• Press Release

#360Syria ‘Virtual Tour’ Website Reveals Devastation of Aleppo Barrel Bombing

March 14, 2016

‘If a picture is worth a thousand words, then a virtual reality experience is worth a whole book’ – Kate Allen

Amnesty International has launched a new #360Syria “virtual tour” website showing the devastation wrought by Syrian government barrel bombing of the besieged city of Aleppo.

The site, called “Fear of the Sky” (www.360Syria.com), comprises specially-created 360-degree photography, narration, sound recordings, 3-D data graphics, and videos gathered by Amnesty-trained Syrian media activists.

The WebVR site takes the viewer into Aleppo’s rubble-strewn streets for a powerful and disturbing “immersive” experience.
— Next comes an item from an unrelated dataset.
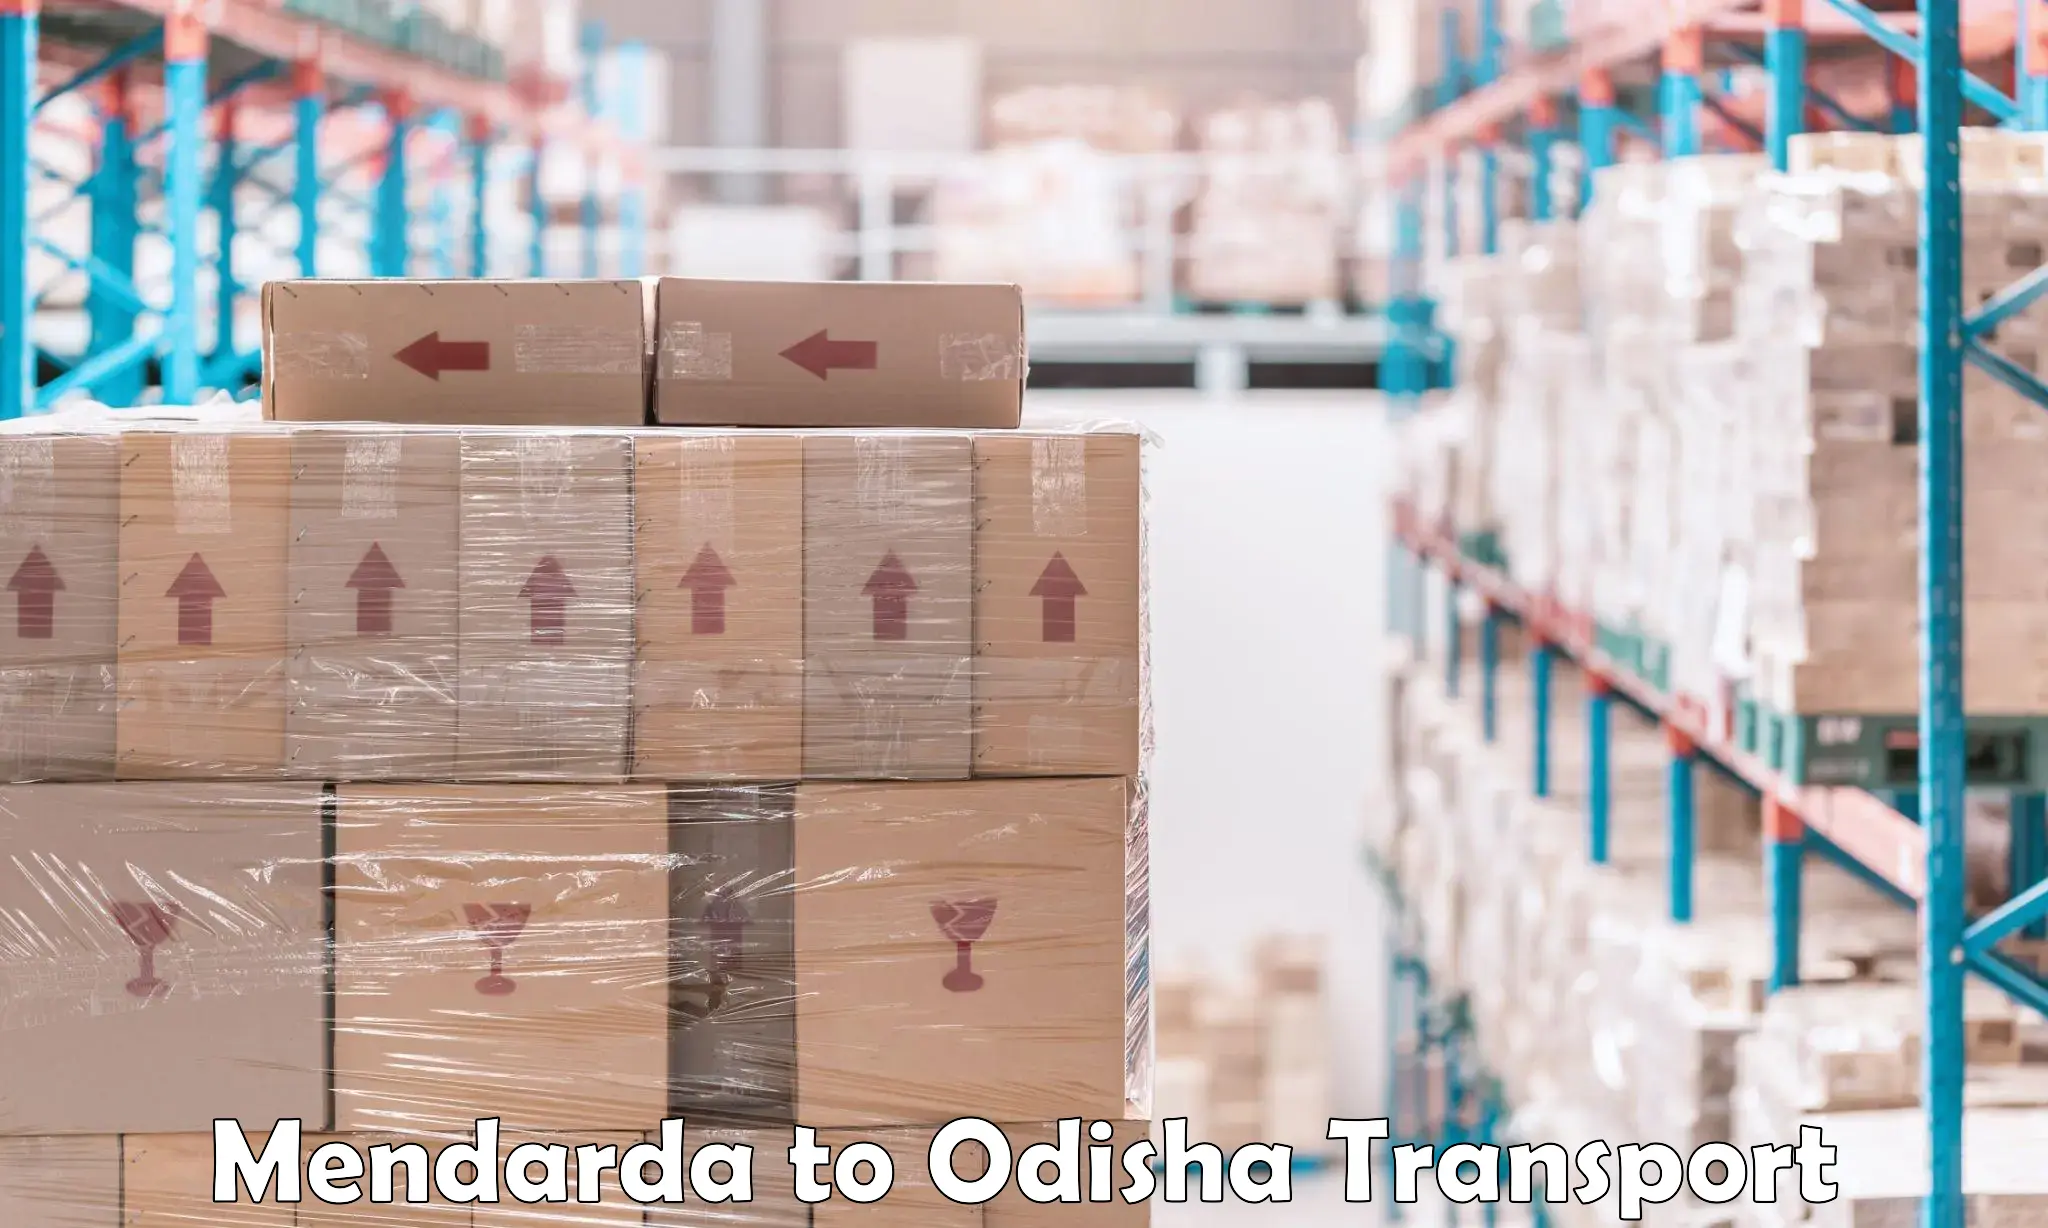 Transport in sharing Mendarda to Tikiri

Visitors to the “Fear of the Sky” site can navigate around full-screen “photospheres” which capture the apocalyptic scenes and sounds after barrel bombing attacks. The images also feature the brave rescue efforts of unarmed civilian volunteers – the “White Helmets” – from the Syrian Civil Defence teams.

A narration from Syrian activist Razan Ghazzawi, now based in Leeds, explains how Aleppo has been subjected to intensive bombing by thousands of highly indiscriminate barrel bomb munitions – fuel tanks or gas cylinders packed with explosives, fuel and metal fragments – thrown out of hovering Syrian government helicopters. The #360Syria tour takes the viewer through the sights and sounds following barrel bomb attacks in several residential areas of Aleppo (Al Ansari Sharqi, Al Shaar and Tareq al-Bab), a school playground in the Saleheddine district, a market in the Boustan Al Qasr district, and the city’s main civil defence building. It also features barrel bombs scenes in other parts of Syria such as Douma and Damascus.

Amnesty has launched the #360Syria site working closely with a group of Syrian media activists from Aleppo called Lamba Media Production (http://lambaproduction.com). In the aftermath of barrel bombings and other attacks, these citizen journalists have visited various attack scenes to document the aftermath and to create a long-term body of evidence of widespread human rights violations by all sides in the conflict. Amnesty has helped train the Lamba activists in 360-degree photography, recently providing the group with RICOH THETA S 360-degree cameras to further develop the project.

The Syrian president Bashar al-Assad has claimed that government forces do not possess or use barrel bombs, though their use has been widely documented. Syrian human rights monitors say that almost 20,000 barrel bombs have killed over 8,000 civilians in the past two years alone. In a report last year, Amnesty detailed the horrific damage done by Syrian government barrel bombing of Aleppo, where scores of people a month were being killed in the attacks – with schools, hospitals, mosques and crowded market places all hit (see: www.amnesty.org.uk/press-releases/syria-pure-horror-life-aleppo-under-assads-barrel-bombing-new-report).